小川橋を超えた時、それまで歩いていた南岸から北岸に移りました。そこにはアマナの葉がたくさんありました。これだけあればもしかしたら一つくらい花が咲いているかもしれないと思って探しましたが、見つかりませんでした。アマナは4月の第1週に咲きます。1ヶ月も早いのだから、仕方ありませんが、今年は暖かいからもしかしたらと思ったのです。諦めて先を急ごうと思っていた時、列の後ろの方から「せんせーい!」と豊口さんが大声をあげました。
「アマナがあったんだな」
と思って行くと、まさにそうでした。
「良かったですね」
とみんなで眺めました。


アマナ

 その後はやや急ぎ足で進みましたが、いこい橋を超えたところで、シュンランが見つかりました。


シュンラン

 地味な花なので見過ごしがちです。おもしろいことに、そう思って辺りをみると、他にもいくつかありました。
「あると思ってみれば見つかるんだよ。

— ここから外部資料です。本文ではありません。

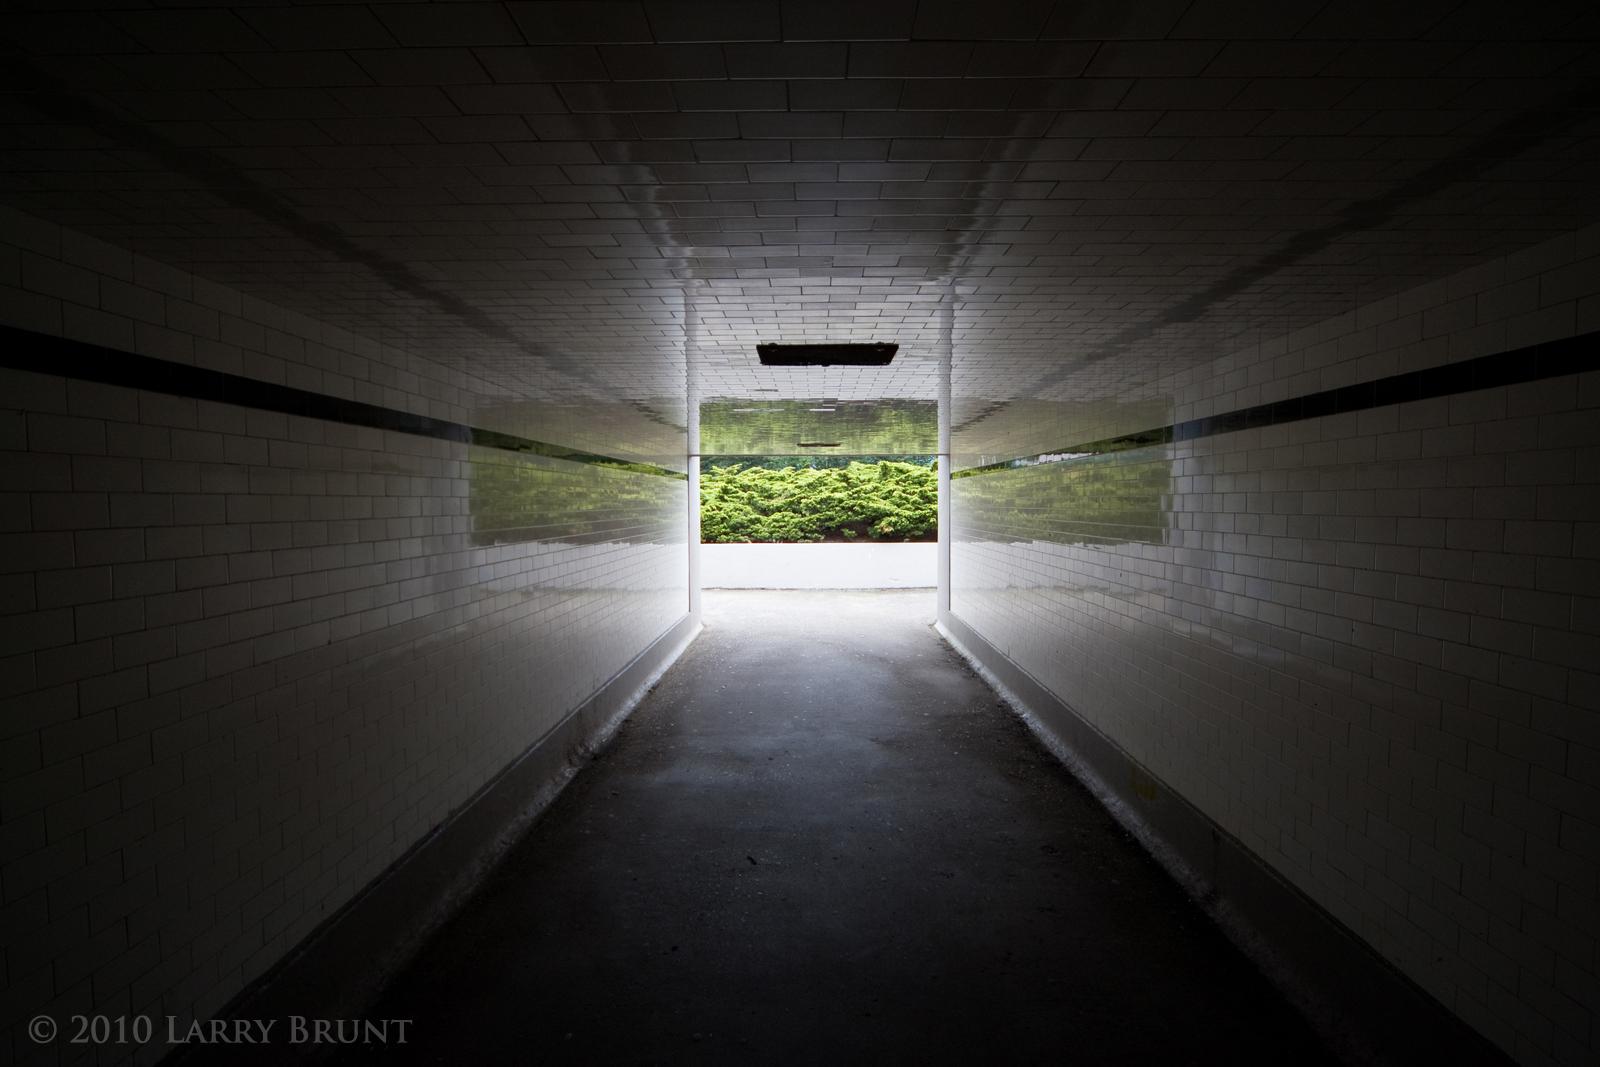 Tunnel by inessentialstuff

これまでもきっと見落としてるな。もう一度見ないといけないな」

 そうして上水公園に達しました。この辺りになると、しょっちゅう歩いているので「ナワバリ」感があります。
「この辺りは小平らしい景観ですが、多分1週間たてば新しい緑がぐっと増えます。1ヶ月経てば様変わりです。そのくらい早春の林の変化は劇的です」
鷹野橋について締めくくりました。
「時計を見たら1時になっていました。いつも予定より少し伸びるのですが、今日は大幅に伸びてしまってすみません。お腹もすきましたね。今日は少し長めの距離を歩いて、花マップの記録の仕方を見てもらいました。いろいろ観察できて楽しかったです。花マップはこれから春の号のための情報収集をします。それから玉川上水の違う場所を選んで参加できる人が普段歩かないところを歩くようにすることを予定しています。観察会の方は解説だけでなく、簡単な調査の要素を入れて続けます。では解散とします。ご苦労様でした」

今回も写真は豊口信行さん撮影です。ありがとうございました。